*THE PROBLEM*. The whole of the data is to be returned without a single change.

*DATA BLOCK*.
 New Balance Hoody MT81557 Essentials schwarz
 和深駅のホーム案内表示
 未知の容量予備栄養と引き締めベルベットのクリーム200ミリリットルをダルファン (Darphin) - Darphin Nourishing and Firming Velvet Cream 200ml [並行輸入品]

*COMPLETED TASK*.
 New Balance Hoody MT81557 Essentials schwarz
 和深駅のホーム案内表示
 未知の容量予備栄養と引き締めベルベットのクリーム200ミリリットルをダルファン (Darphin) - Darphin Nourishing and Firming Velvet Cream 200ml [並行輸入品]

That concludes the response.